● What is expected:
Each line below should be repeated exactly as written, with no pictures carried over.

● Information provided:
· · · · · · ·

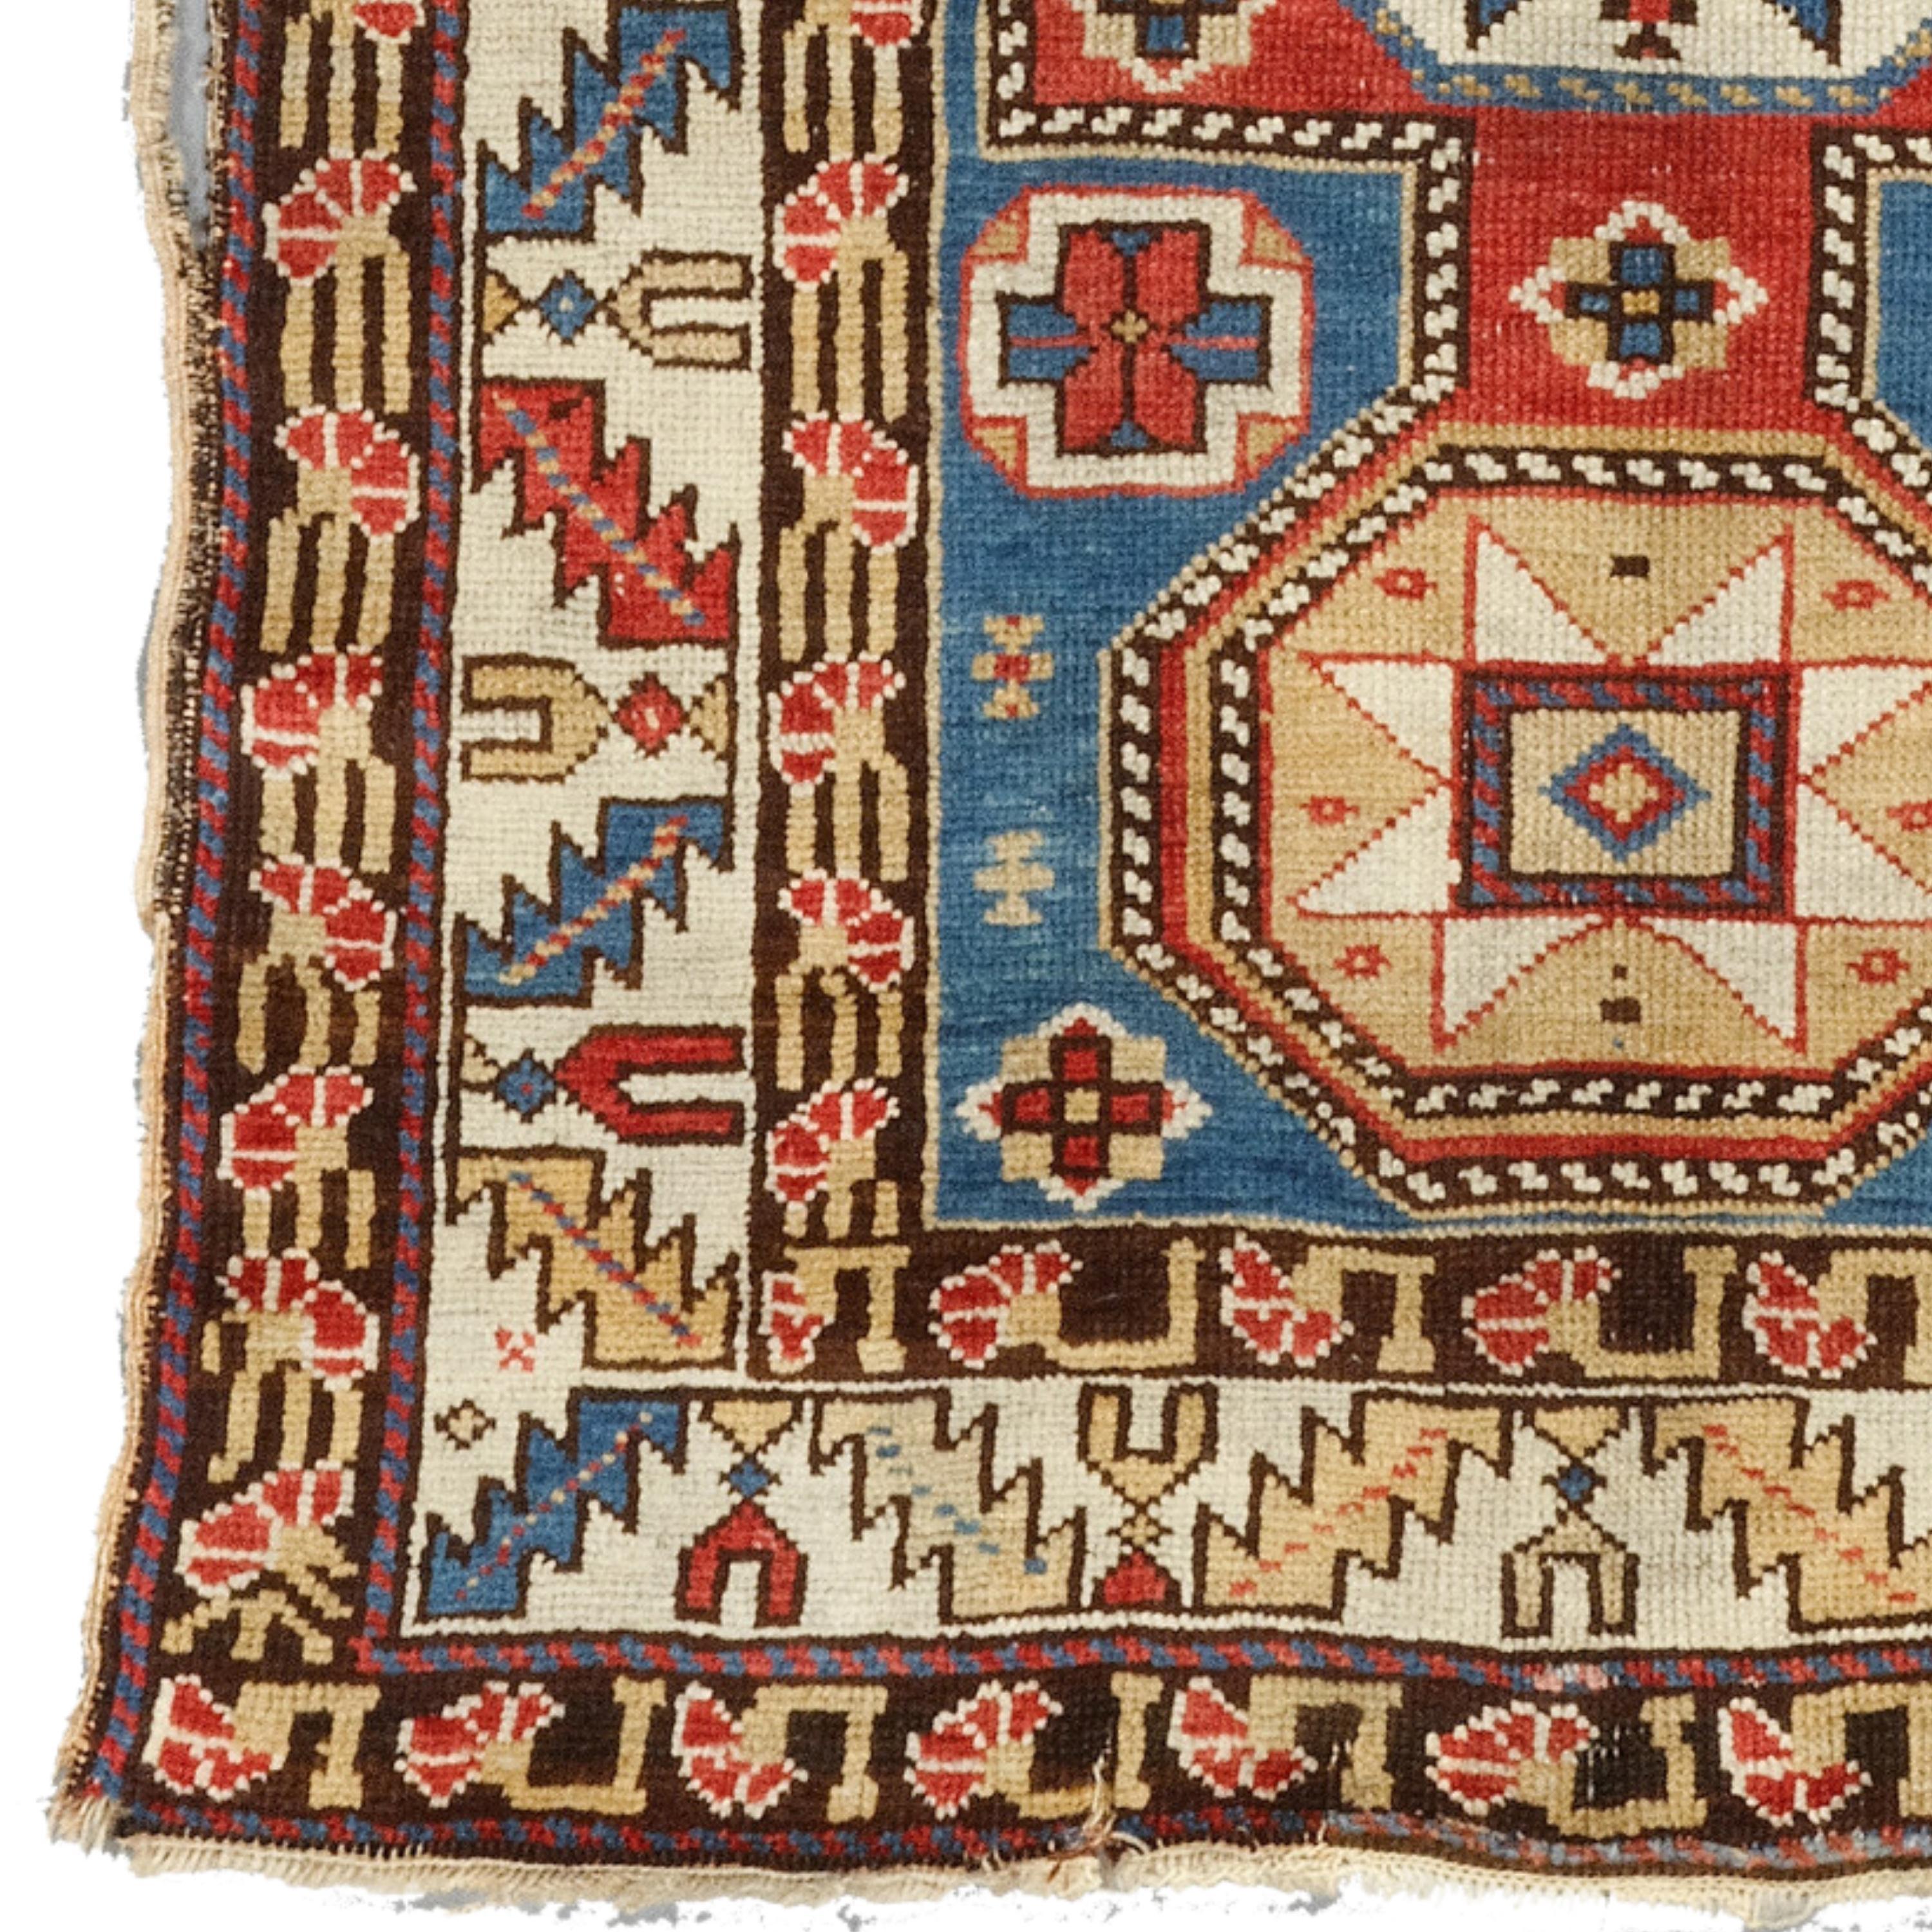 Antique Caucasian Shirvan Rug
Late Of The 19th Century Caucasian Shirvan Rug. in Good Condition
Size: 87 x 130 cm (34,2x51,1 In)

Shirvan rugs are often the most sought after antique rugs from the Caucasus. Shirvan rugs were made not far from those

· · · · · · ·

● Expected output:
 Antique Caucasian Shirvan Rug
Late Of The 19th Century Caucasian Shirvan Rug. in Good Condition
Size: 87 x 130 cm (34,2x51,1 In)

Shirvan rugs are often the most sought after antique rugs from the Caucasus. Shirvan rugs were made not far from those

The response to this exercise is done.